— Трудный орешек. Сложный характер, с ходу его не схватишь, не дается. Не живет. Замыкается в себе, и никак его не расшевелить. Увидел твой роман, я сказал, что мы друзья и что твой рабочий стол на антресолях, а он спрашивает, почему тебя нет? Словом, давай-ка приезжай завтра.

На другой день мы встретились с Леонидом Максимовичем в мастерской. У меня тогда только что вышел «Свет не без добрых людей» и Леонов дружески высказал вот какой упрек.

— Очень длинно. Для газетной статьи, может, и сошло бы, а для художественного произведения… Нет, так не годится. Название должно быть кратким, как выстрел. Вот у меня — из трех букв: «Вор».

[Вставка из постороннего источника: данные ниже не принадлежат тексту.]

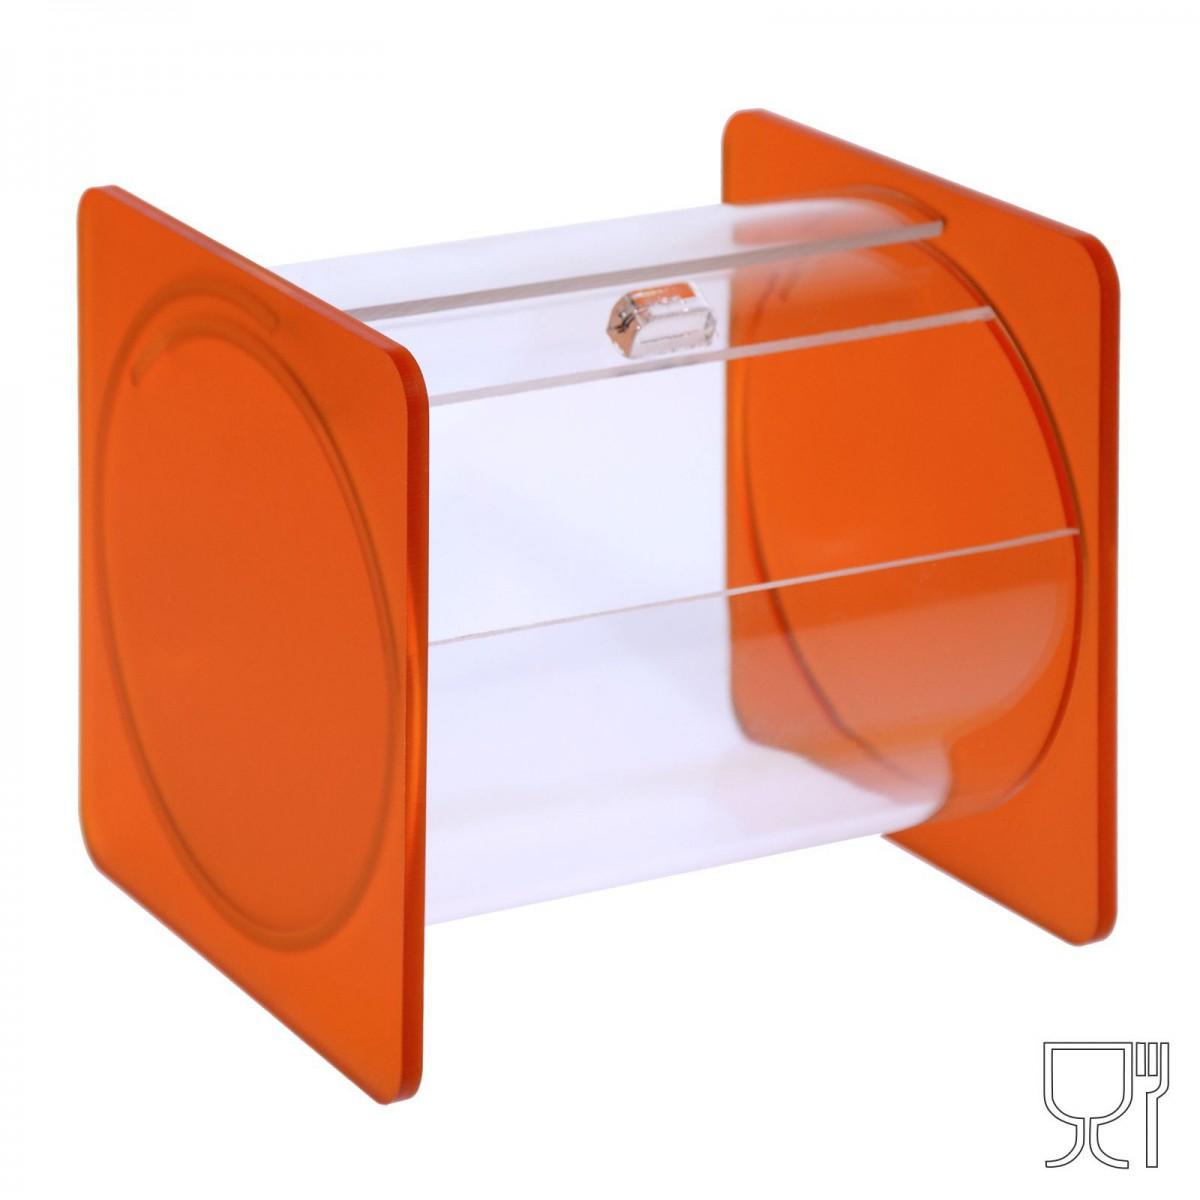 elegantstunning Linterna Led Clip Mini L/ámpara de Bolsillo Led/ Corto No Incluido /Linterna Led de Bolsillo Penlight Impermeable Alimentado por Pilas AAA

— У меня тоже скоро выходит книга с названием из трех букв, — ответил я, имея в виду роман-памфлет «Тля».

— А зачем вам стотысячный тираж? — продолжал Леонид Максимович. — Вот на моей стороне, я твердо знаю, есть тысяч двадцать читателей, которые меня понимают и принимают. И мне не нужен большой тираж.

— Скромничаете, Леонид Максимович. Книги ваши издаются и в сто, и в двести тысяч. И расходятся, не лежат в магазинах.

Так незаметно мы втянулись в разговор, который шел непринужденно и живо. Я рассказывал о Сергееве-Ценском, с которым был дружен, а Леонов — о А.М.Горьком, о литературных нравах 20-х и 30-х годов, когда свирепствовал РАПП. Рассказывая о годах своей литературной молодости, о незаслуженных нападках необъективной критики, он оживился, исчезла кажущаяся усталость. И эта резкая перемена обрадовала Павла Федоровича. Он работал стремительно, точно хотел успеть схватить оживший, обостренный облик писателя, неожиданно всплывшие черточки характера, перемену в лице, в глазах. Словом, лед тронулся.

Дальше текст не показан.